View attachment 14329


----------



## twa2w (Mar 5, 2016)

janus10 said:


> http://imgur.com/a/mTHpm
> This is one of the prettiest places I know and while we could easily afford the house and acreage, it is on the other side of the world.
> 
> However, if I could find a place that had views half this nice within a reasonable distance to Toronto, I might make my wife very happy.

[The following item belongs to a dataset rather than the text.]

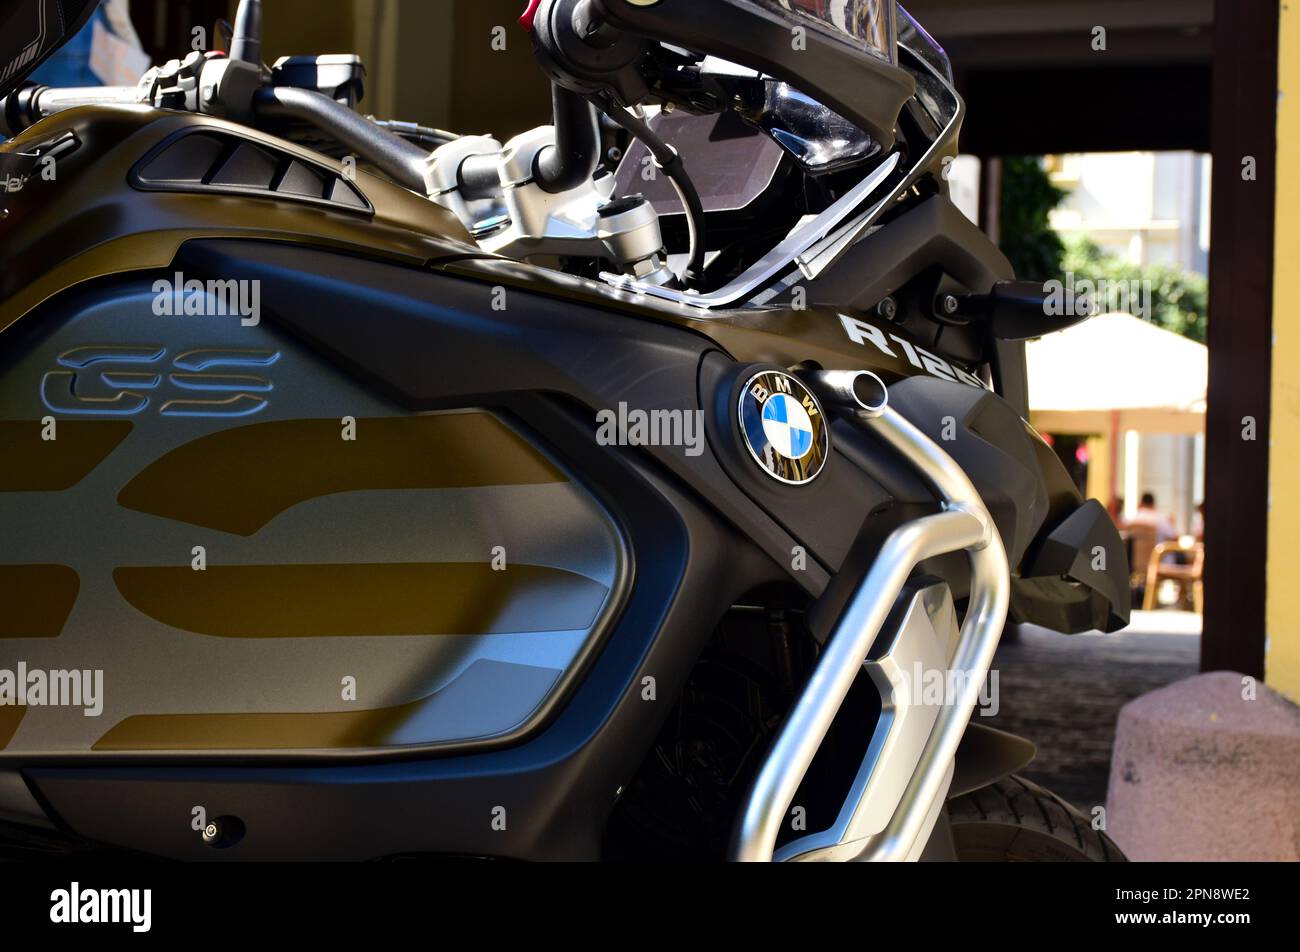 Nahaufnahme des BMW R 1250 GS Motorrads mit rundem blau-weißem Logo und Emblem sowie verchromtem Schutzrahmen. Tarnung, Militärfarbe Stockfoto
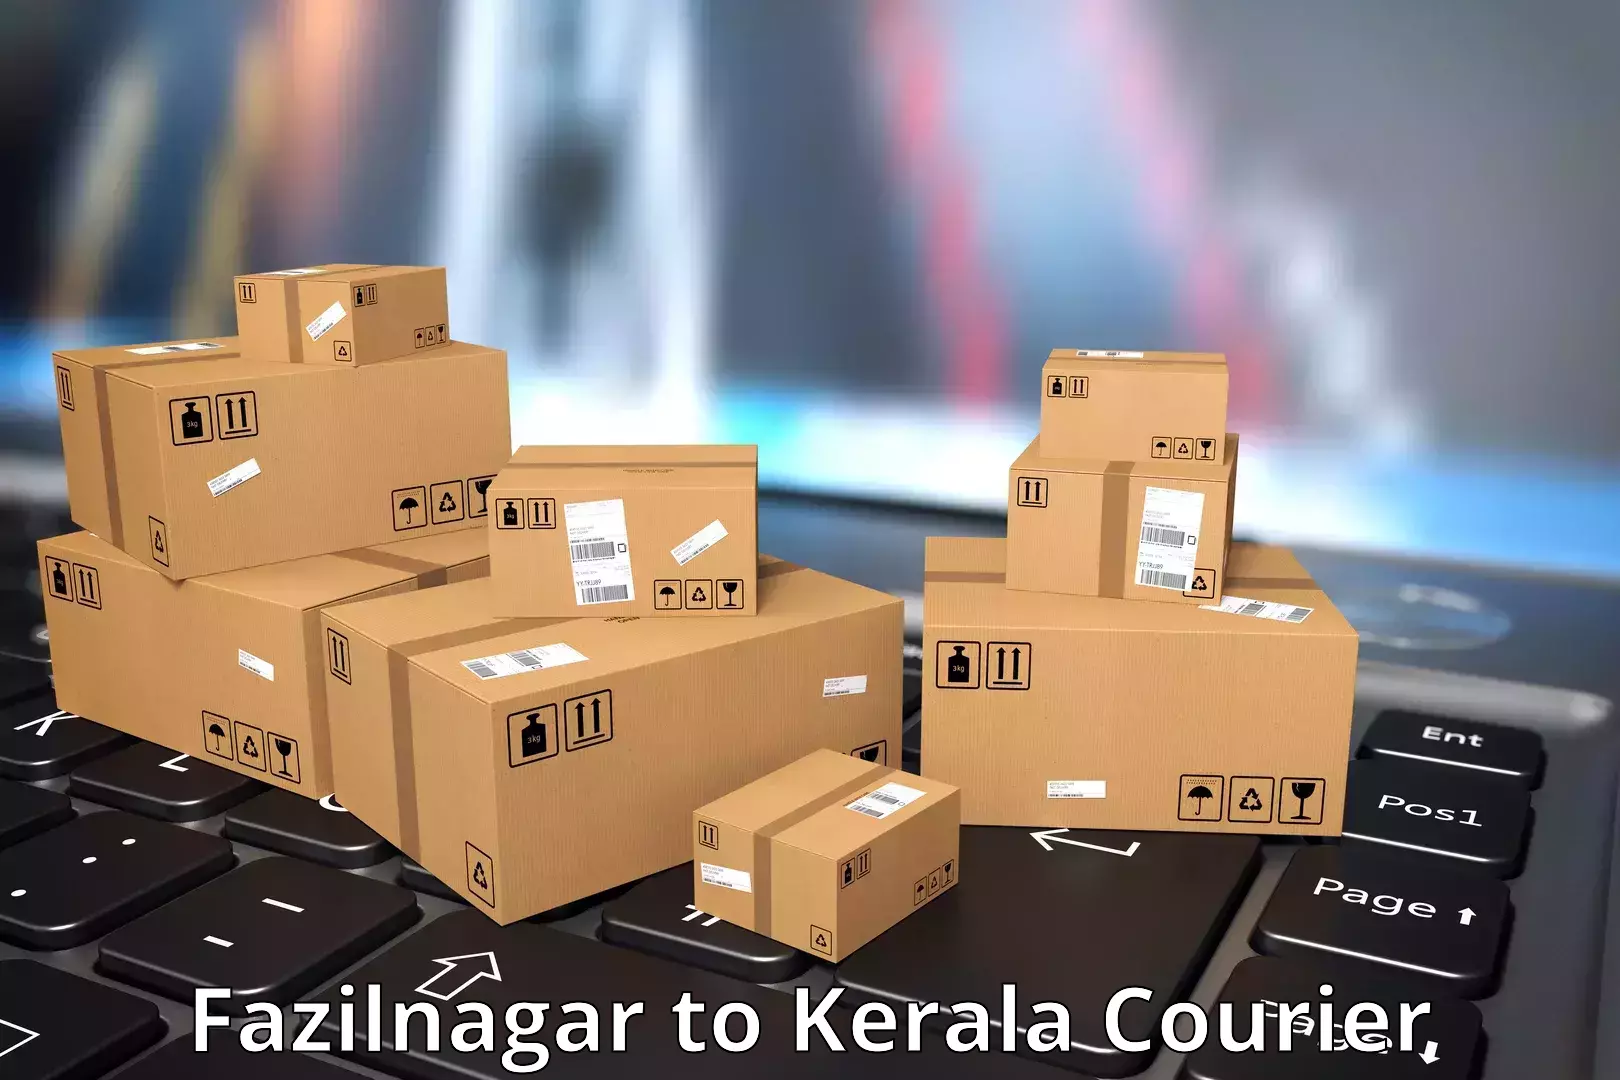 Business delivery service Fazilnagar to Kakkayam

Sure, lots of areas within 2 hours of Toronto. But as other posters have said, it is seasonal.
Toronto is a big place. Are you talking about having to get into downtown Toronto for concerts etc within two hours or two hours from the outskirts of Toronto.
How close do you want to be to a town? Or major roads.


----------



## gibor365 (Apr 1, 2011)

Rockwood, 30 min from our home








P.S> this one from Wiki, I have better pics,but need to look for it


----------



## 319905 (Mar 7, 2016)

janus10 said:


> http://imgur.com/a/mTHpm
> This is one of the prettiest places I know and while we could easily afford the house and acreage, it is on the other side of the world.
> 
> However, if I could find a place that had views half this nice within a reasonable distance to Toronto, I might make my wife very happy.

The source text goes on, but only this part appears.